Football: United investors may consider legal action over fixture pile-up

Manchester United's main investors could sue the Premier League for the fixture chaos that would cost the club at least pounds 10m if they fail to win the championship because of it.

United have run out of options in their battle to extend the season and avoid a programme of four games in the final eight days of the season. United have to visit Leicester on 3 May before home games against Middlesbrough on 6 May, Newcastle on 8 May and West Ham on 11 May.

If United lose the League title, finishing third or worse, and fail to win this season's European Cup, they will be out of next season's Champions' League, in which potential profits are around pounds 10m. That would affect their share price and thus the interests of major investment funds.

United are writing to the Football Association to appeal against the verdict, but they are not being given any encouragement. The football club itself cannot sue the FA, or Uefa, the governing body of European football, could ban them from their competitions next season. However, any of their investors could do so and that fact may be an additional worry for the Premier League in a controversy that is clouding the end of the season.

Leeds United's manager, George Graham, is considering a pounds 3m bid to sign Bolton's midfield player Alan Thompson. Thompson has been outstanding for Bolton in their runaway success in the First Division this season and he would bring some much needed flair to the Leeds side.

Bolton's manager, Colin Todd, has said Thompson is not for sale, but Graham is refusing to take no for an answer. He has been keen on Thompson since he was manager of Arsenal and the player was a prospect at Newcastle and with the England Under-21s.

English football is close to reaching agreement on a new transfer system to answer the challenge of the "Bosman" ruling. The FA met with the Premier League, the Football League and Professional Footballers' Association this week to continue discussions on proposed changes.

Their talks have been given added urgency by the threat of Wimbledon's Vinnie Jones to challenge the current system in the courts if he is not allowed to leave Selhurst Park at the end of his contract.

That could throw the domestic game into the kind of chaos the Belgian footballer forced on cross-border moves with his successful challenge to the old Continental systems. Among the proposals being considered are free transfers for players over the age of 24 if and when they are out of contract.

"After consultations with clubs we anticipate reaching a common view on changes to the current system of financial compensation when a player changes clubs at the end of his contract," the FA chief executive, Graham Kelly, said yesterday. The League Managers' Association was present at the meeting as observers.

The impact of the Bosman ruling will also be discussed next Thursday by the Uefa executive committee meeting in Geneva, which will also rule on England and Germany's bids to stage the 2006 World Cup. "A definitive statement [on Bosman] may be issued from that meeting which will guide us when we have our next meeting in May," Kelly added.

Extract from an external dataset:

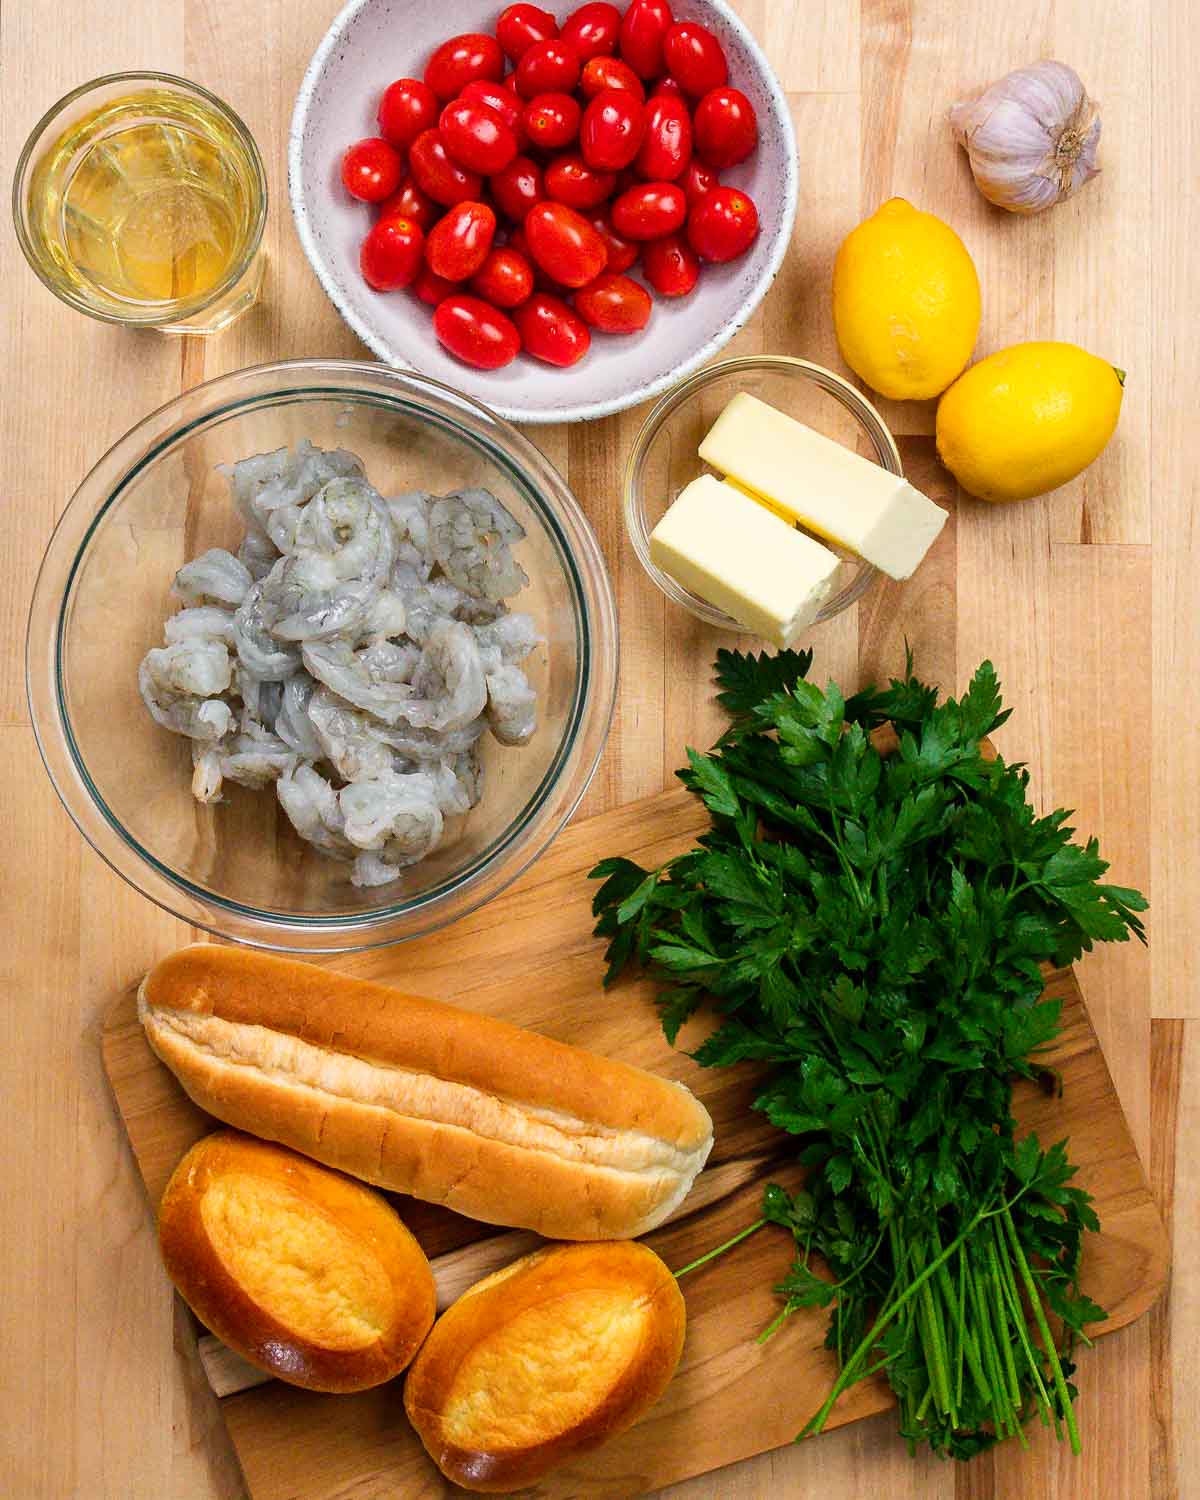 Ingredients shown: white wine, tomatoes, garlic, lemon, butter, shrimp, rolls, and parsley.

n Diego Maradona was in hospital again yesterday, days after being rushed to a clinic after falling ill on a Chilean television chat show. "It's not serious, it's just a check-up," an official at the exclusive Buenos Aires hospital said. She said Maradona had been admitted during the night but would give no further details.

Argentina's 1986 World Cup winning captain broke out in a cold sweat on a Chilean chat show on Monday night after dancing a tango with former Miss Universe Cecilia Bolocco. He was taken to hospital and diagnosed with high blood pressure. Maradona returned the next day to Buenos Aires, where local media reported he spent the night dancing at a night-club.